> _EXERCISE DIRECTIONS_: Omitting all images, transcribe the listing word for word.

** Opening RAW DATA block **

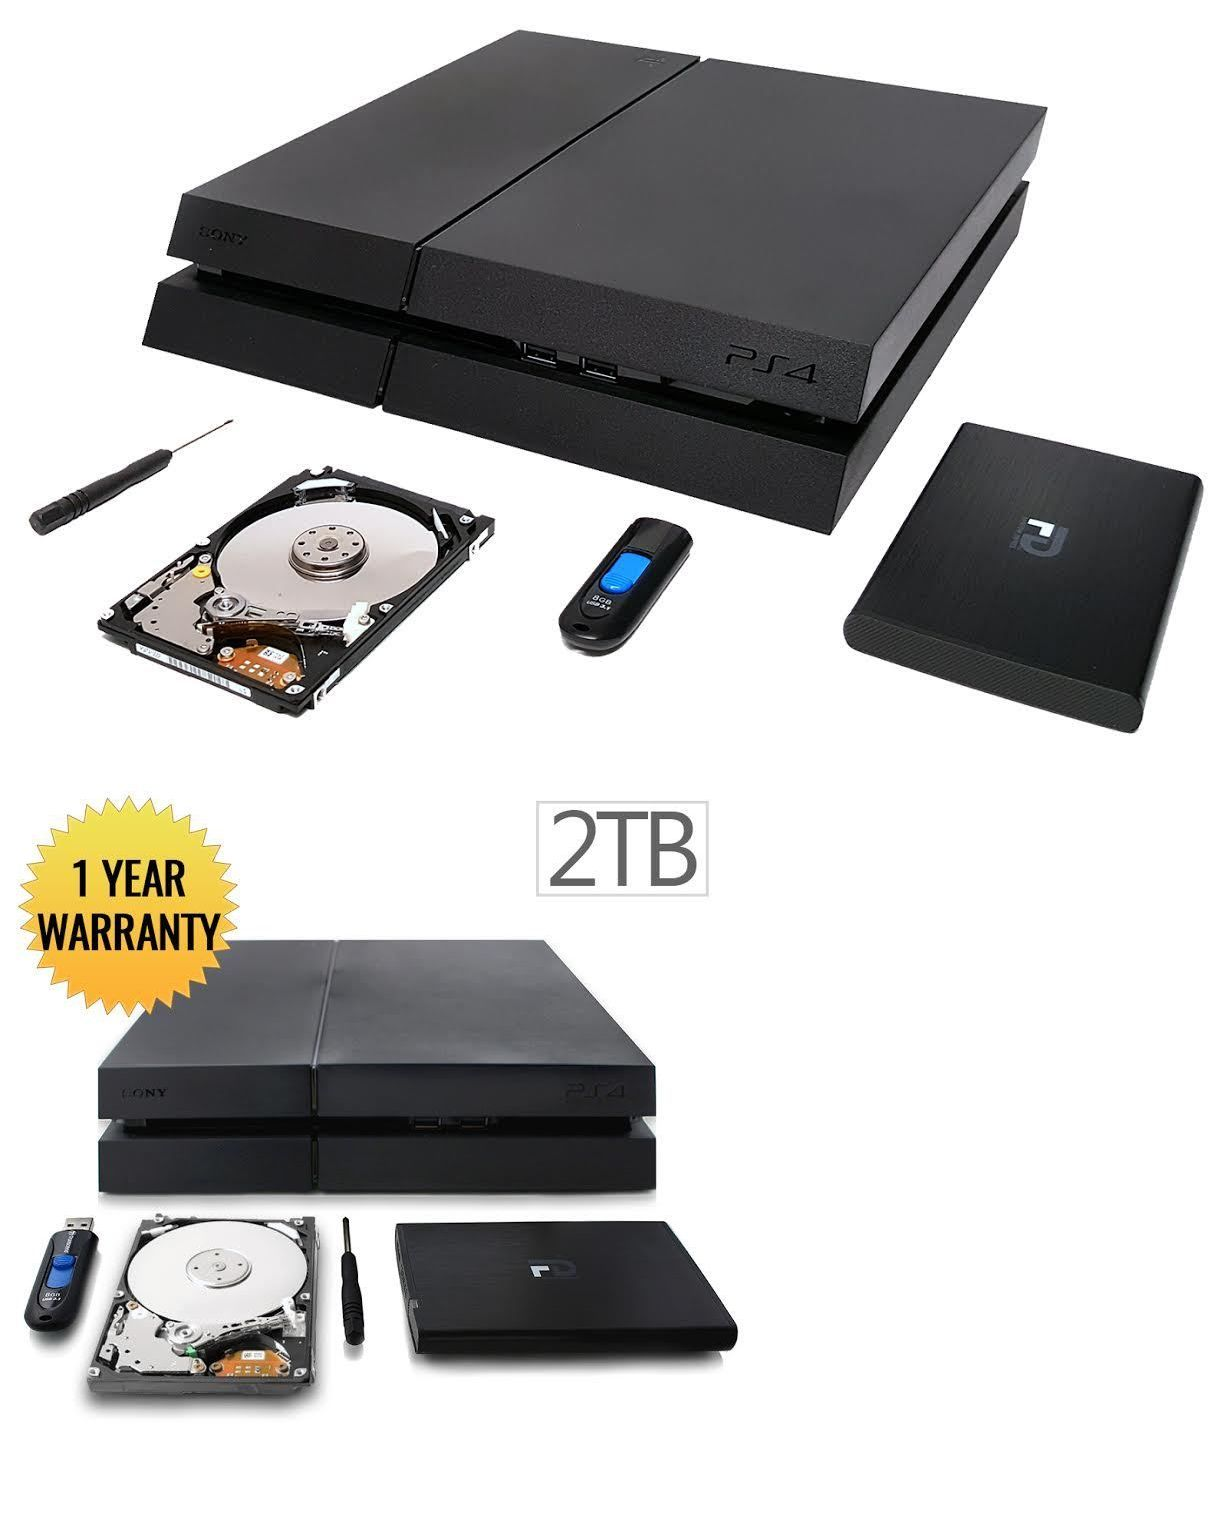 Hard Drives 171820: 2Tb Hard Drive Upgrade Kit For
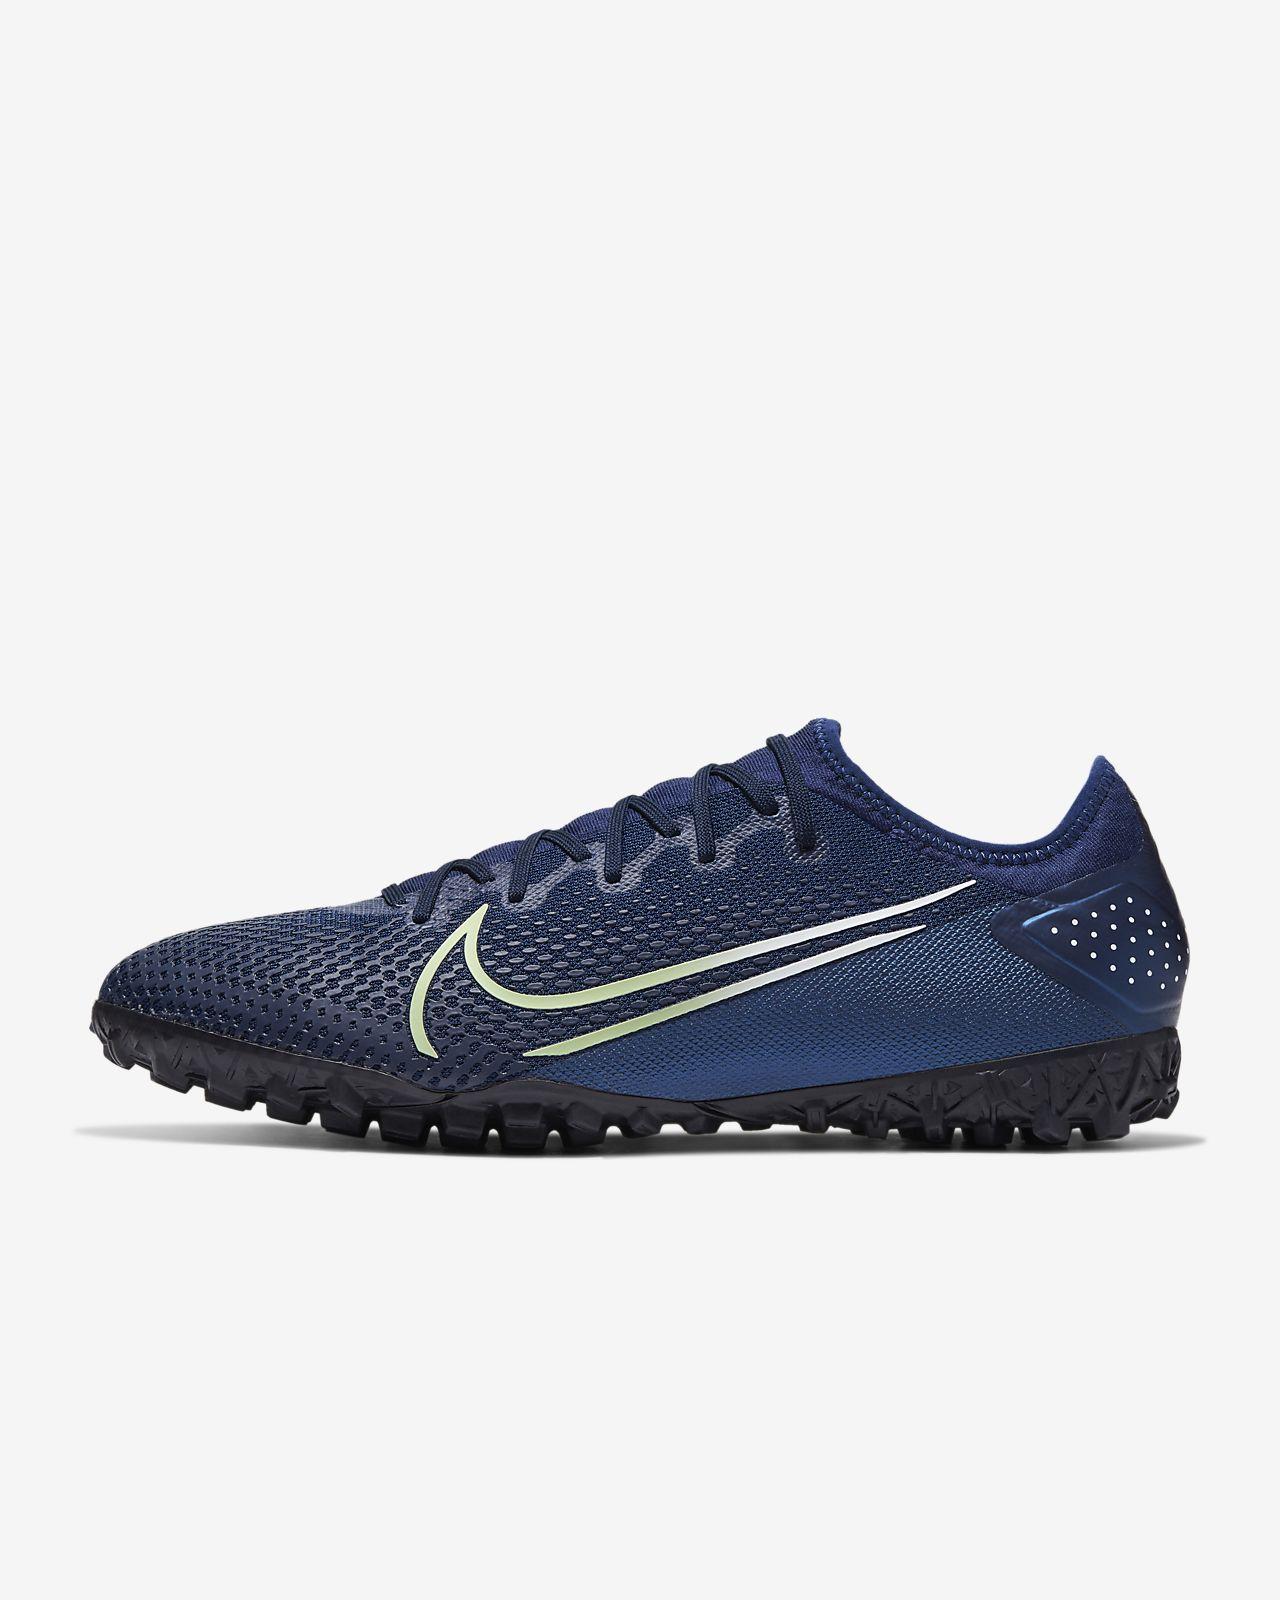 Nike Mercurial Vapor 13 Pro MDS TF-fodboldsko til grus
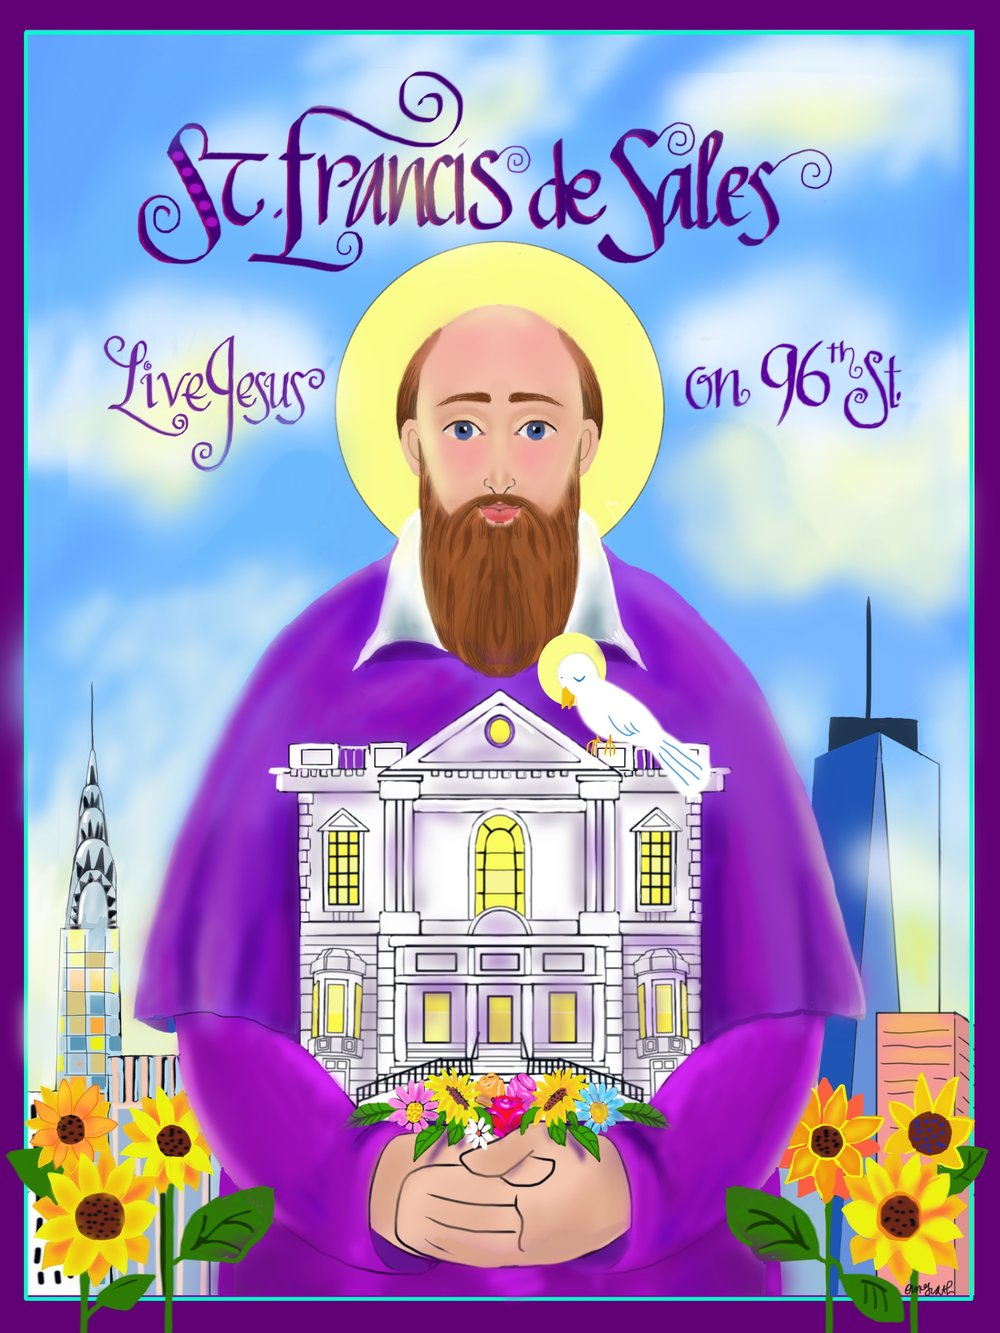 original-saint-francis-brother-mickey-mcgrath-st-francis-de-sales-catholic-church-new-york.jpg

** Closing RAW DATA block **

> _SOLUTION BELOW_:
 Hard Drives 171820: 2Tb Hard Drive Upgrade Kit For
 Nike Mercurial Vapor 13 Pro MDS TF-fodboldsko til grus
 original-saint-francis-brother-mickey-mcgrath-st-francis-de-sales-catholic-church-new-york.jpg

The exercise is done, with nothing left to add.